For the record, (and to quote myself elsewhere) no major fails yesterday or today.  In fact, today I caught up with two friends, bought two things I don't need, and failed to shout at anybody.

!!!

Brought to you by the amusement I got scrolling through my new browser screen wallpaper options - they offer images from Dolce and Gabbana, Akiro Kurosawa and a few other big name designers.  Not, sadly, Gucci or Prada.  Not that I can see, anyway.

Heh.

Wednesday, March 7, 2012

To quote Lady GaGa...

LET'S DANCE!!!

Today I signed the builder's contract.  Today!!!!

We are cautiously but confidently confident that we'll see machinery on site in a week or so, weather permitting.

I'm trying to focus on this considering this was my first 'job' of the day, and the rest of it went downhill.

... just DAAAAAAAAAAAAAAAANCE!!!

Tuesday, March 6, 2012

And furthermore..

The List of Doom took a serious blow today.  At last!

Credit union dude helped me work out why the monies was busted.  We applied a cyber-bandaid and I should be able to feed the children again in a week or so.  Phew!

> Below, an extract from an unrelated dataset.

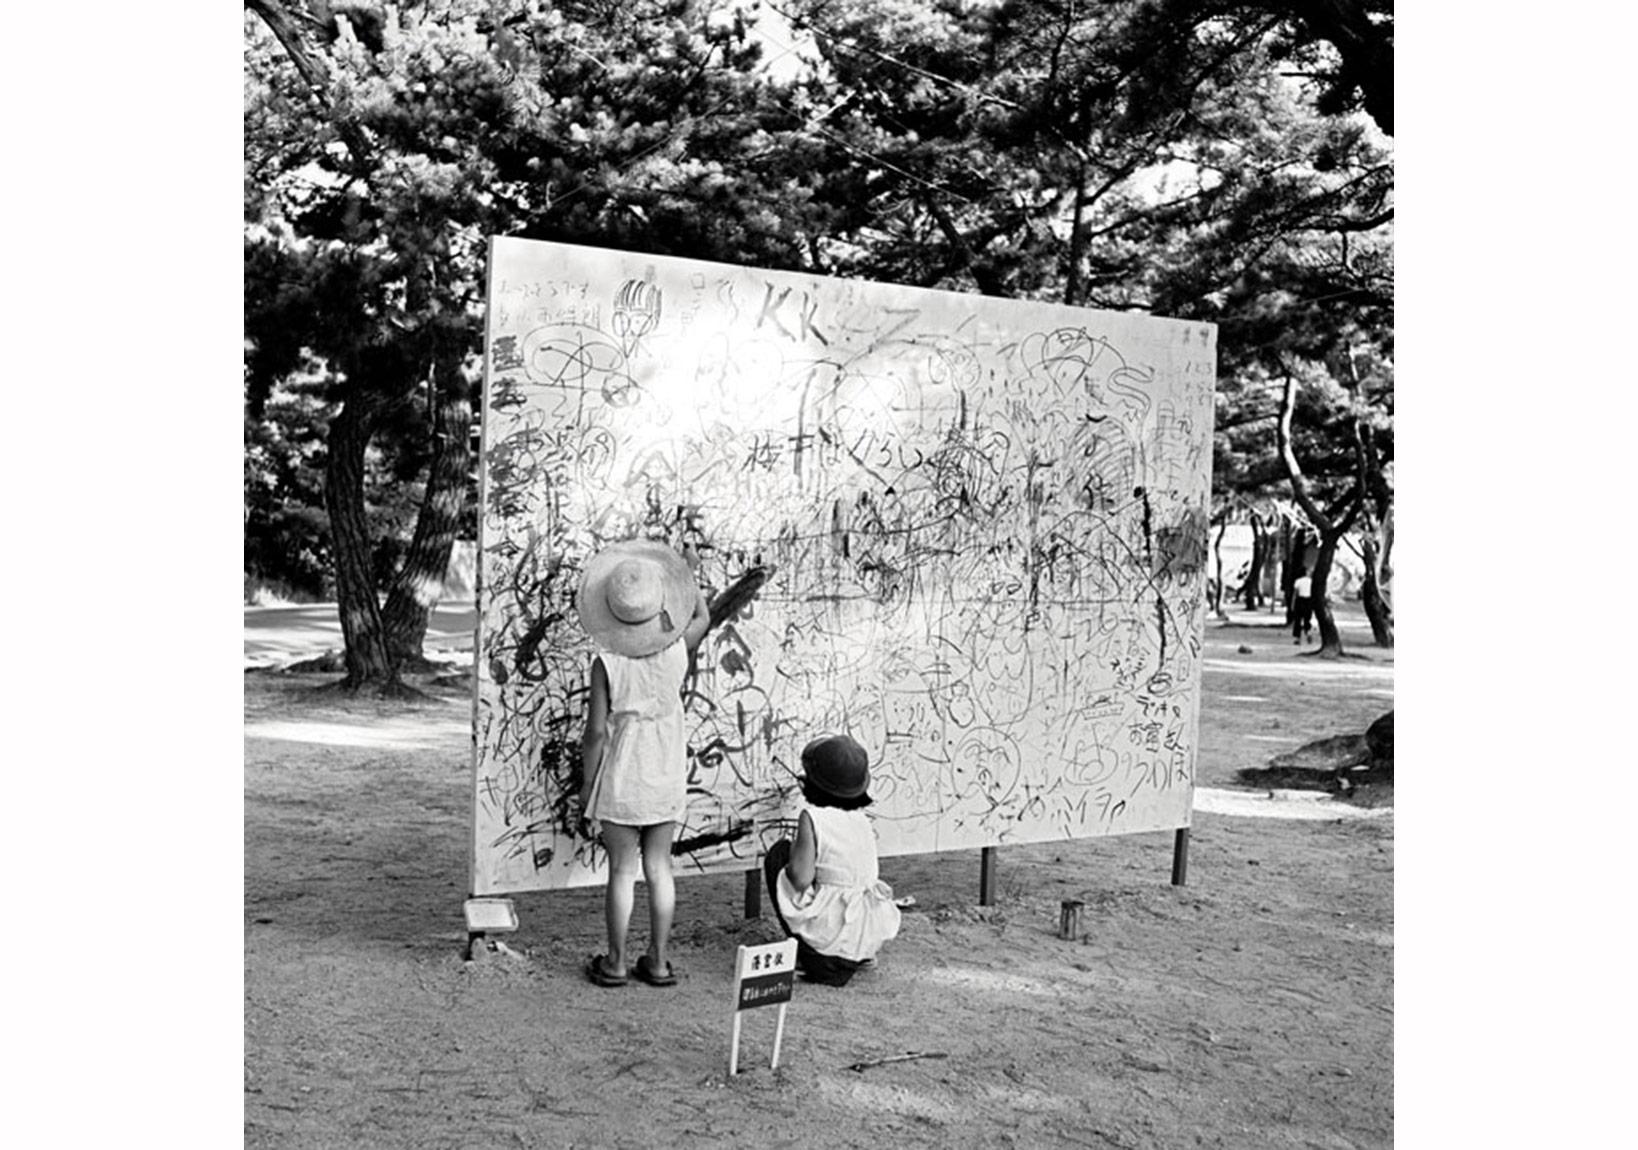 Yoshihara Jirō, Lütfen Özgürce Çiziniz, 1956, 200 × 450 × 3 cm. Gutai Açıkhava Sanat Sergisi Ashiya Park, Ashiya, 27 Haziran – 5 Ağustos 1956
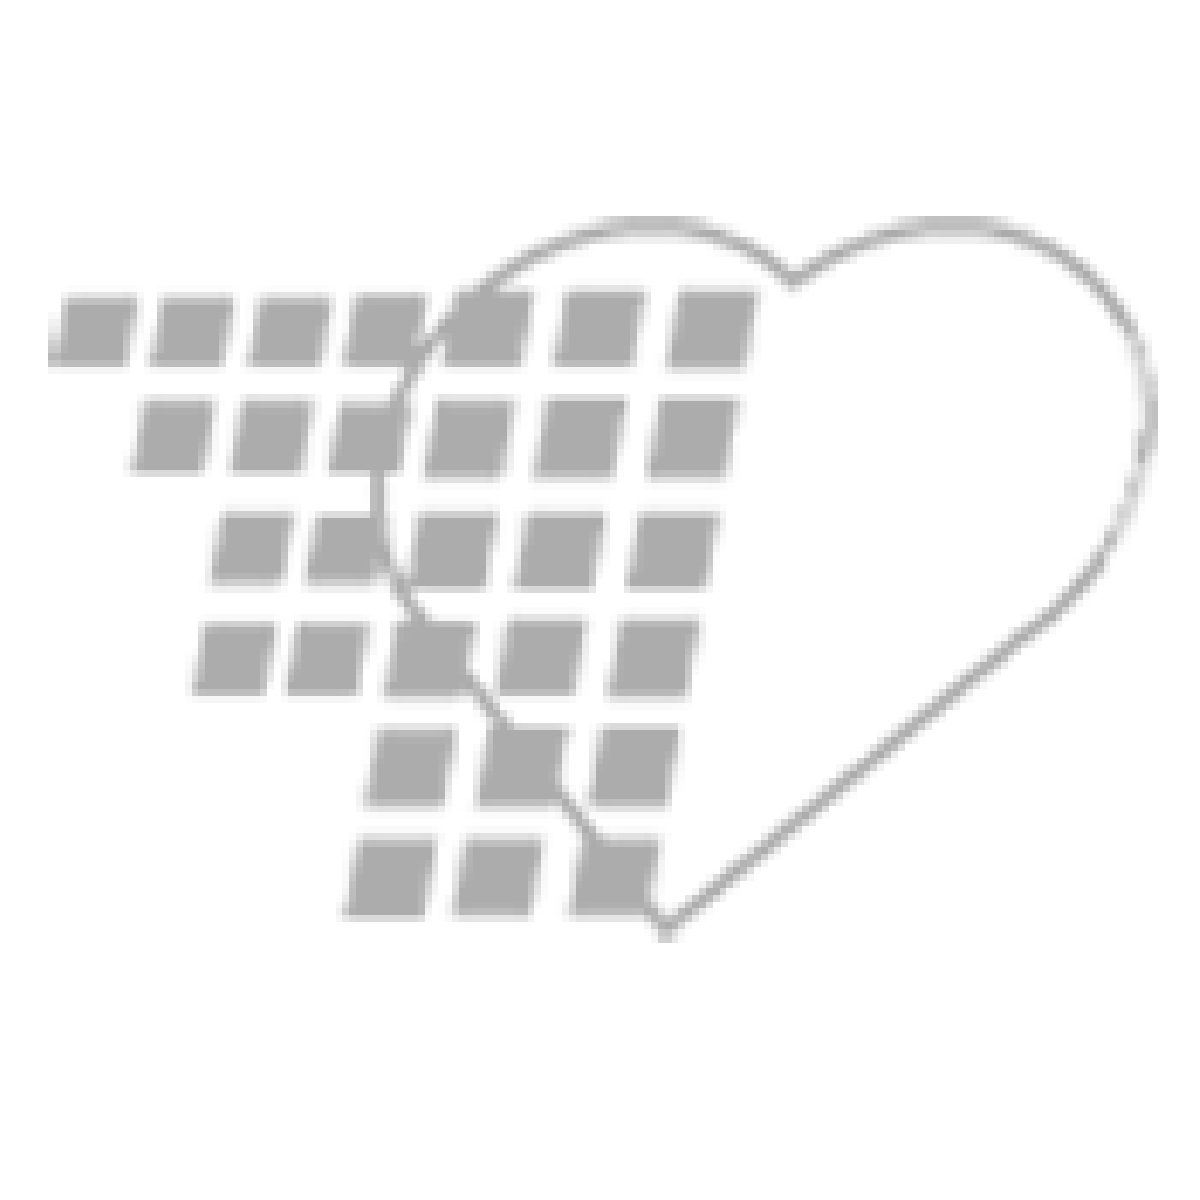 11-81-0098 - Nasco Life/form® Advanced Breast Exam Simulator

In other news, the temporary replacement/new/replacement new/new temporary replacement washing machine will be delivered tomorrow morning, pending proper replacement of the new replacement machine.  My fears for my festering clothes .. allayed to some extent by the office people's offer to launder them (if and when they ever see the light of day again).  At least (says she attempting levity) they'll be really REALLY well-rinsed...

Today we both feel a sense of achievement after a lot of fanging around on and off campus.  No-one got lost, wet or combobulated.  We dined thanks to me mum, again.  Tomorrow whoopee! we will try something called Eating At A Restaurant.

That's better.

[Brought to you by a minor panic over not having a clean shirt, and some delicious blasts of Gucci.]

Monday, March 5, 2012

Merely remarking..

.. that my list of Things What Utterly Can't Be Ignored is freaking me out.  No detail too small.

And now five visits by assorted Uni maintenance/fixer/helper-type ppl have still not got the washing machine working.  The unloadable wet washing from Friday is going to be pretty nasty when the door is finally opened.

I'm tired.  Don't wanna try to be funny.  Don't wanna go on wrangling care agency staff problems at 9pm and midnight (5 nights out of seven so far).  Definitely don't wanna be a stand-in carer for the ones who don't show or don't know what to do.  High risk activity for a sore back.

Bah.

Friday, March 2, 2012

Note to self:

  



- not a good idea to complain.  It just encourages those pesky gods of interference and nortiness.

- not a good idea to complain.  Doesn't make anything feel better.

- not a good idea to complain.  Gives others funny ideas about me not being made of tungsten after all

- not a good idea to complain.  I thought we had a good outcome following the NO rant; then the washing machine died.  The BRAND NEW washing machine.  Just a little failure-ette; the door won't open.  But it's full of washed clothes and (naturally) it's Friday arvo so I fear what festering fabric festiness awaits when a service dude can come (perhaps) on Monday!

- not a good idea to complain.  Makes me home-sick for my norty cat.

- not a good idea....

Better ideas:

- cats

- fresh-baked cinnamon rolls for brekkie ... AND

- FBCRFB baked by a bestie!  Purrfect.


- TGIF! So I can stop listing for a bit.

- strangely enough my middle name isn't Pollyanna, but I can count a few blessings..  and sit quietly Home Alone for a while.  M is out boozing with a dorter!

- sitting down in general.  Have I (yeah I know I have) ever mentioned (only a few dozen times) my fabbo Ikea chair?  My beloved Poang?  Yep, got it at the flat.  Am currently jiggling one leg whilst blogging on the other.  A form of purrfection fur sure.

- perfume.  Tricky choice today.  Partly cos I dropped in to Proper Home to apologise to my pusscat and get the mail.  She followed me to the bedroom and pointed at my cold, empty bed.  I agreed with the sentiment but got (easily) distracted by my collection of gorgeous lil bottles.  Settled on ... can you guess??